Improving the resolution and throughput of achromatic Talbot lithography

Abstract

High-resolution patterning of periodic structures over large areas has several applications in science and technology. One such method, based on the long-known Talbot effect observed with diffraction gratings, is achromatic Talbot lithography (ATL). This method offers many advantages over other techniques, such as high resolution, large depth-of-focus, and high throughput. Although the technique has been studied in the past, its limits have not yet been explored. Increasing the efficiency and the resolution of the method is essential and might enable many applications in science and technology. In this work, the authors combine this technique with spatially coherent and quasimonochromatic light at extreme ultraviolet (EUV) wavelengths and explore new mask design schemes in order to enhance its throughput and resolution. They report on simulations of various mask designs in order to explore their efficiency.
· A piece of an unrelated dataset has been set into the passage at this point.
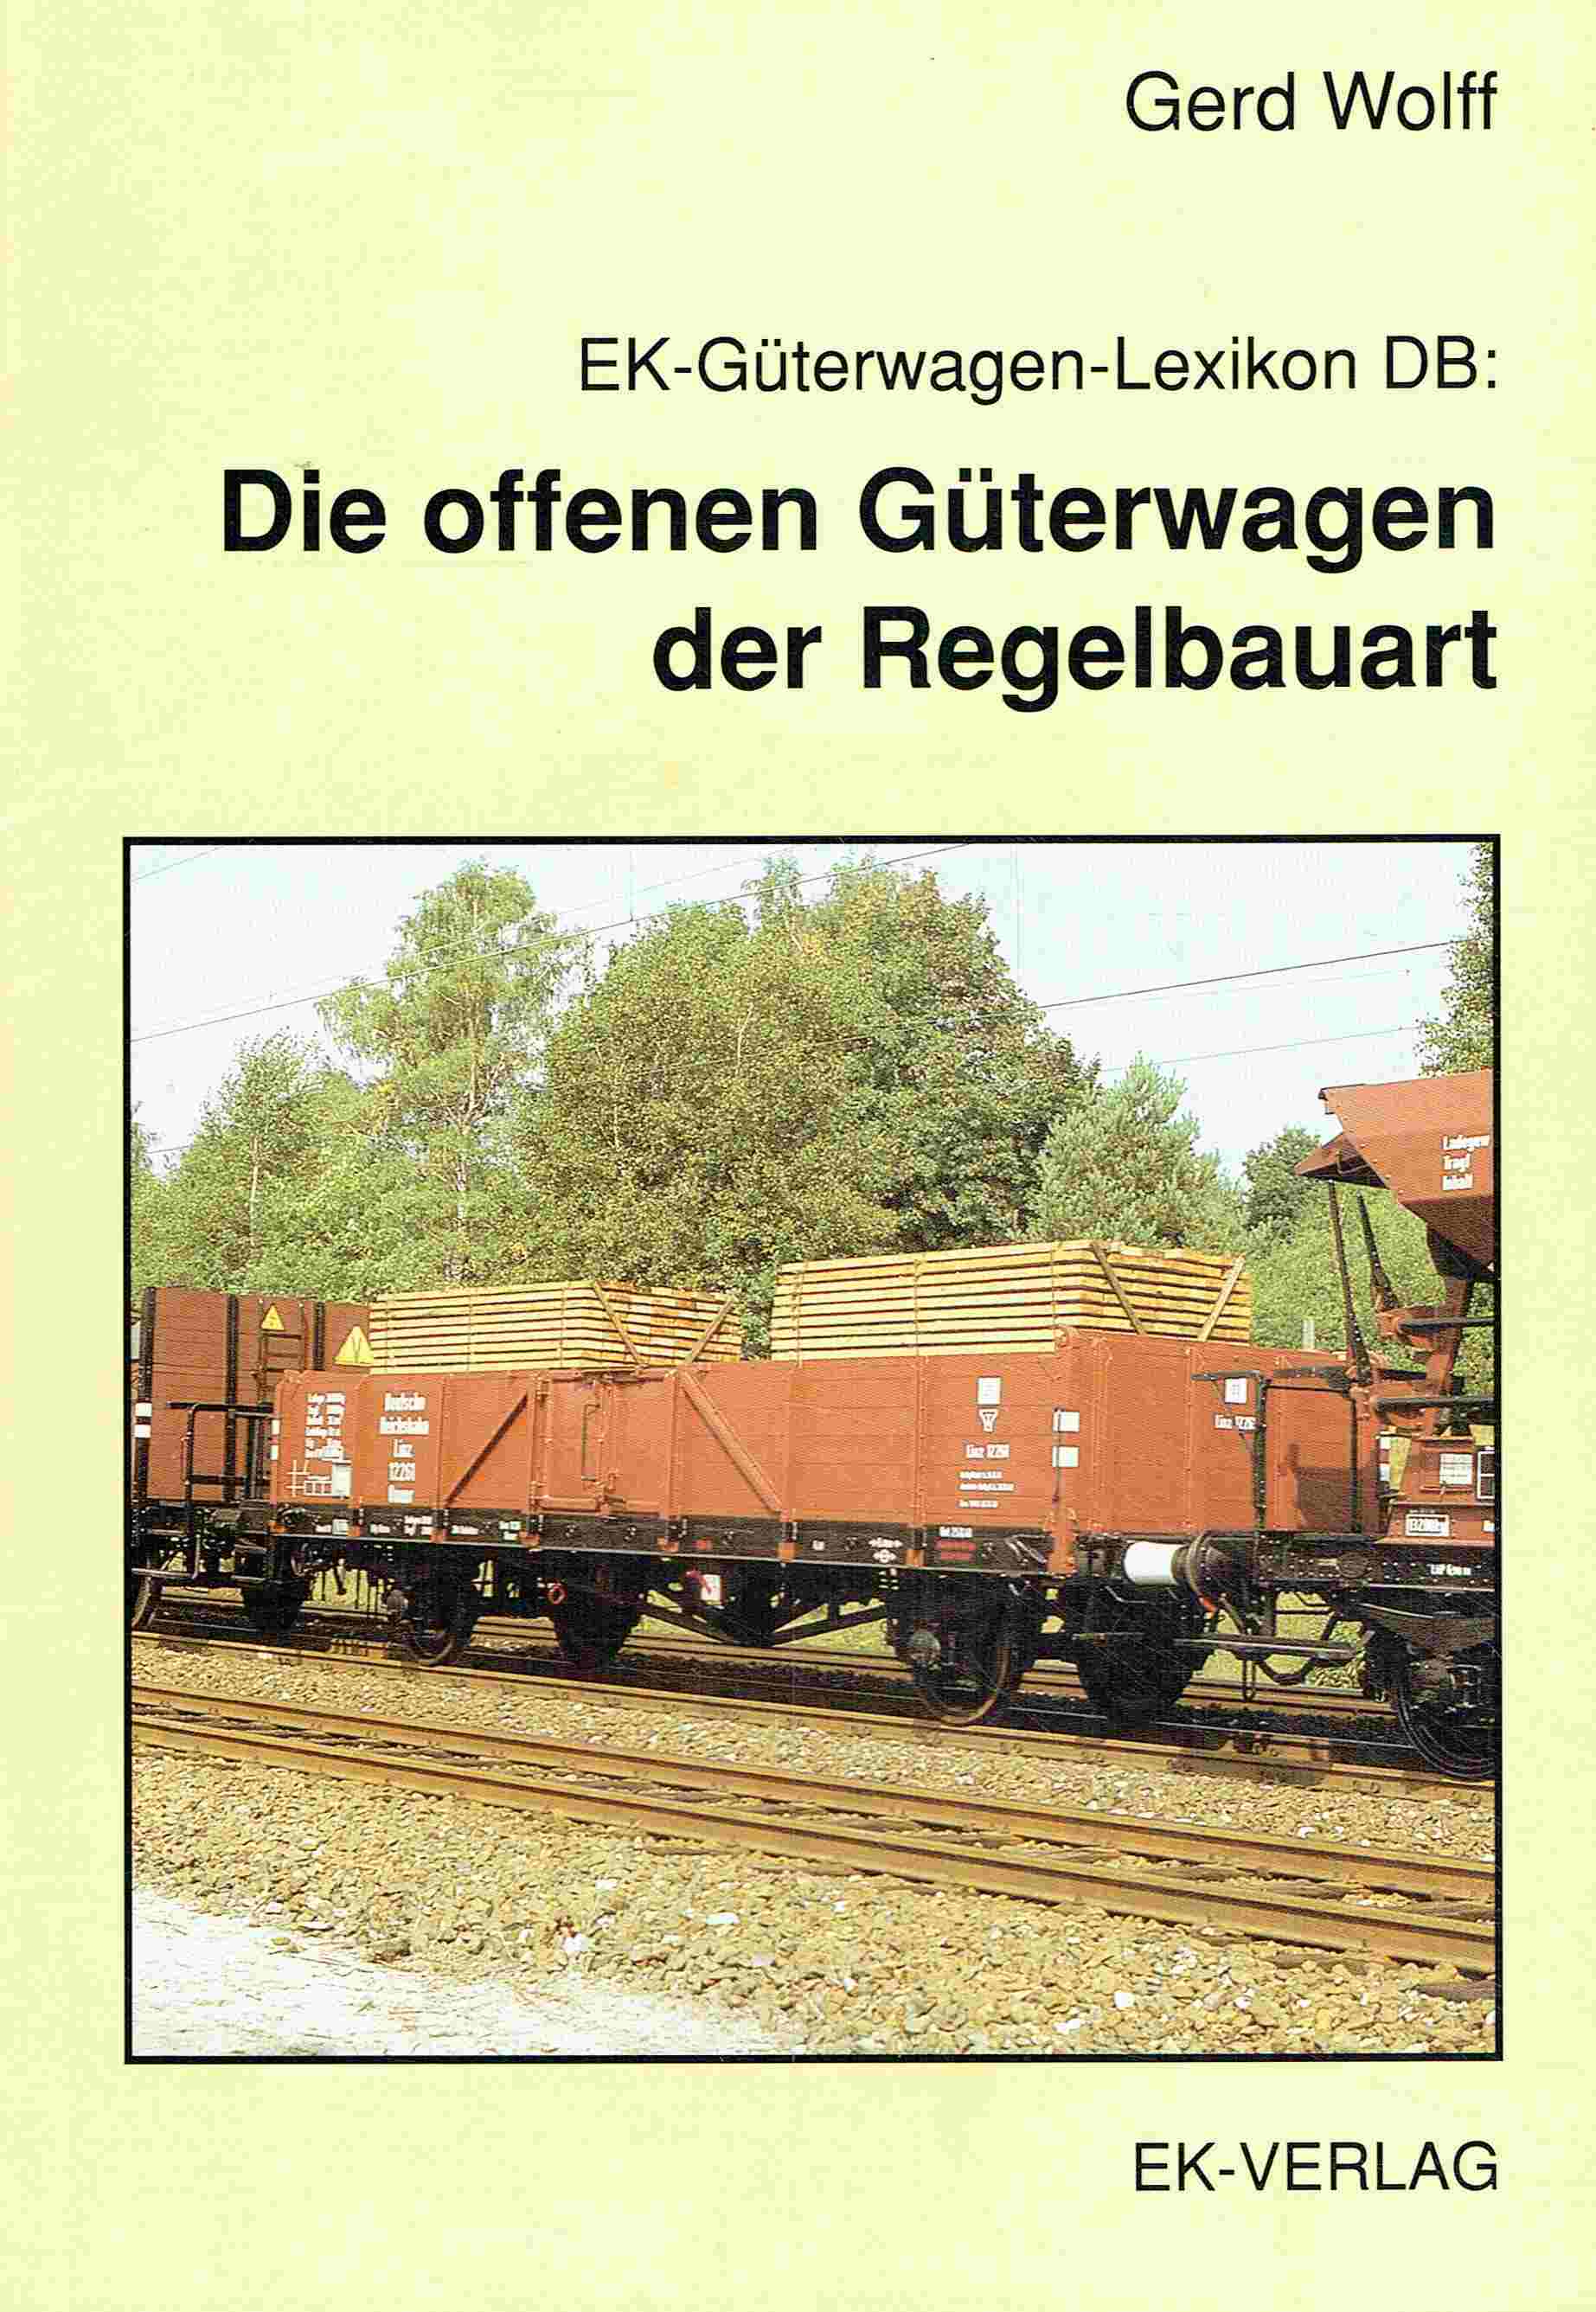 EK-Güterwagen-Lexikon DB: Die offenen Güterwagen der Regelbauart. - Wolff, Gerd

Advanced and optimized nanofabrication techniques have to be utilized to achieve high quality and efficient masks for ATL. Exposures using coherent EUV radiation from the Swiss light source have been performed, pushing the resolution limits of the technique for dense hole or dot patterning down to 40 nm pitch. In addition, through extensive simulations, alternative mask designs with rings instead of holes are explored for the efficient patterning of hole/dot arrays. They show that these rings exhibit similar aerial images to hole arrays, while enabling higher efficiency and thereby increased throughput for ATL exposures. The mask designs with rings show that they are less prone to problems associated with pattern collapse during the nanofabrication process and therefore are promising for achieving higher resolution.